Molybdenum Foil Seals
Another widely used method to seal through glass with low thermal expansion coefficient is the use of strips of thin molybdenum foil. This can be done with matched coefficients of thermal expansion. Then the edges of the strip also have to be knife sharp. The disadvantage here is that the tip of the edge which is a local point of high tensile stress reaches through the wall of the glass container. This can lead to low gas leakages. In the tube to tube knife edge seal the edge is either outside, inside, or buried into the glass wall.
Another type of seal construction is the compression seal. This type of glass-to-metal seal can be used to feed through the wall of a metal container. Here the wire is usually matched to the glass which is inside of the bore of a strong metal part with higher coefficient of thermal expansion. Compression seals can withstand extremely high pressures and physical stress such as mechanical and thermal shock. Because glass is extremely strong in compression, compression seals can withstand very high pressures.
Silver Chloride Seals
Silver chloride, which melts at 457 °C bonds to glass, metals and other materials and is used for vacuum seals. Even if it can be a convenient way to seal metal into glass it will not be a true glass to metal seal but rather a combination of a glass to silver chloride and a silver chloride to metal bond; an inorganic alternative to wax or glue bonds.
Design Aspects of Glass-to-Metal Seals
The mechanical design of a glass-to-metal seal has an important influence on the reliability of the seal. In practical glass-to-metal seals, cracks usually start at the edge of the interface between glass and metal either inside or outside the glass container. If the metal and the surrounding glass are symmetric the crack propagates in an angle away from the axis. So, if the glass envelope of the metal wire extends far enough from the wall of the container the crack will not go through the wall of the container but it will reach the surface on the same side where it started and the seal will not leak despite the crack.

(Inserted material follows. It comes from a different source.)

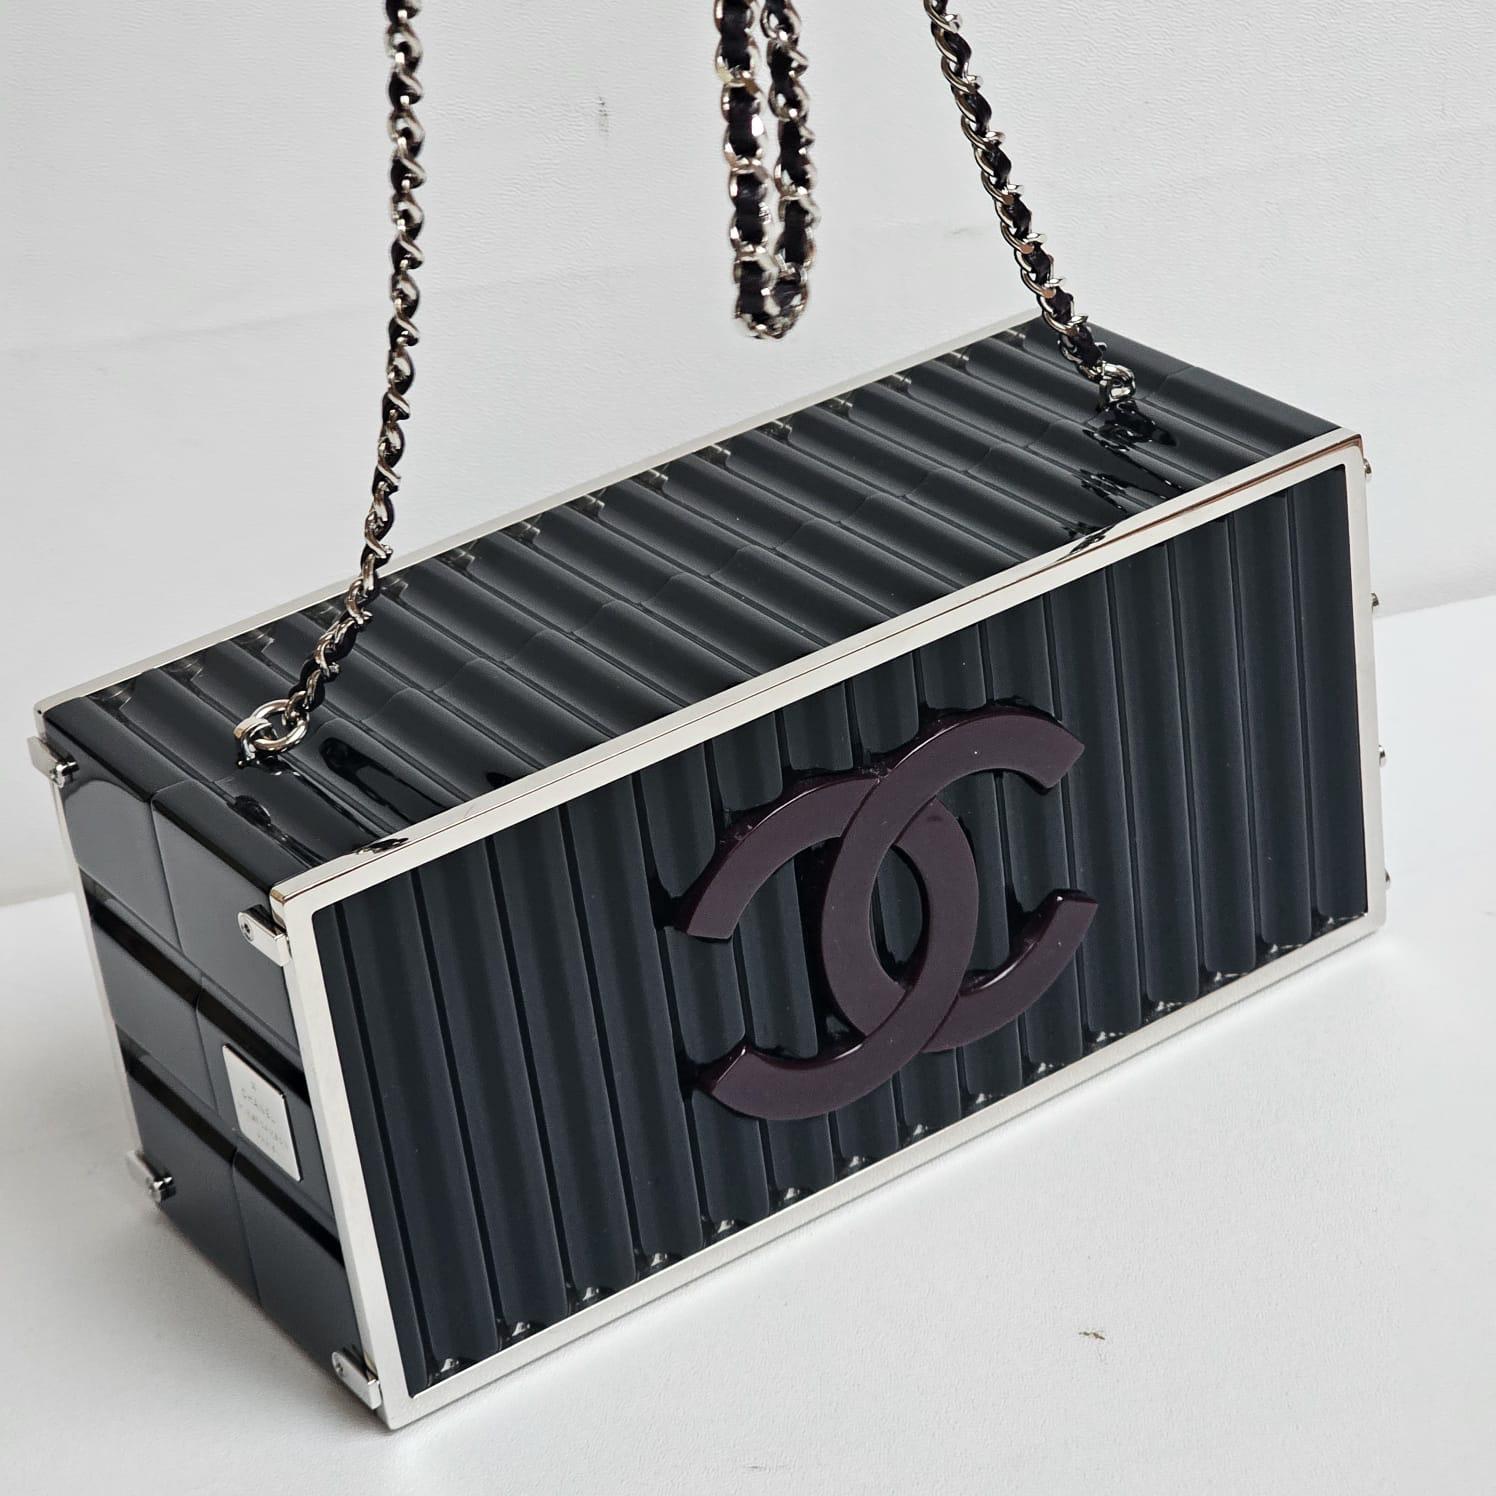 Rare Chanel Minaudiere Black Shipping Container Bag In Excellent Condition For Sale In Jakarta, Daerah Khusus Ibukota Jakarta

Another important aspect is the wetting of the metal by the glass. If the thermal expansion of the metal is higher than the thermal expansion of the glass like with the Housekeeper seal, a high contact angle - bad wetting - means that there is a high tensile stress in the surface of the glass near the metal. Such seals usually break inside the glass and leave a thin cover of glass on the metal. If the contact angle is low - good wetting - the surface of the glass is everywhere under compression stress like an enamel coating. Ordinary soda-lime glass does not flow on copper at temperatures below the melting point of the copper and, thus, does not give a low contact angle. The solution is to cover the copper with a solder glass which has a low melting point and does flow on copper and then to press the soft soda-lime glass onto the copper. The solder glass must have a coefficient of thermal expansion which is equal or a little lower than that of the soda-lime glass. Classically high lead containing glasses are used, but it is also possible to substitute these by multi-component glasses.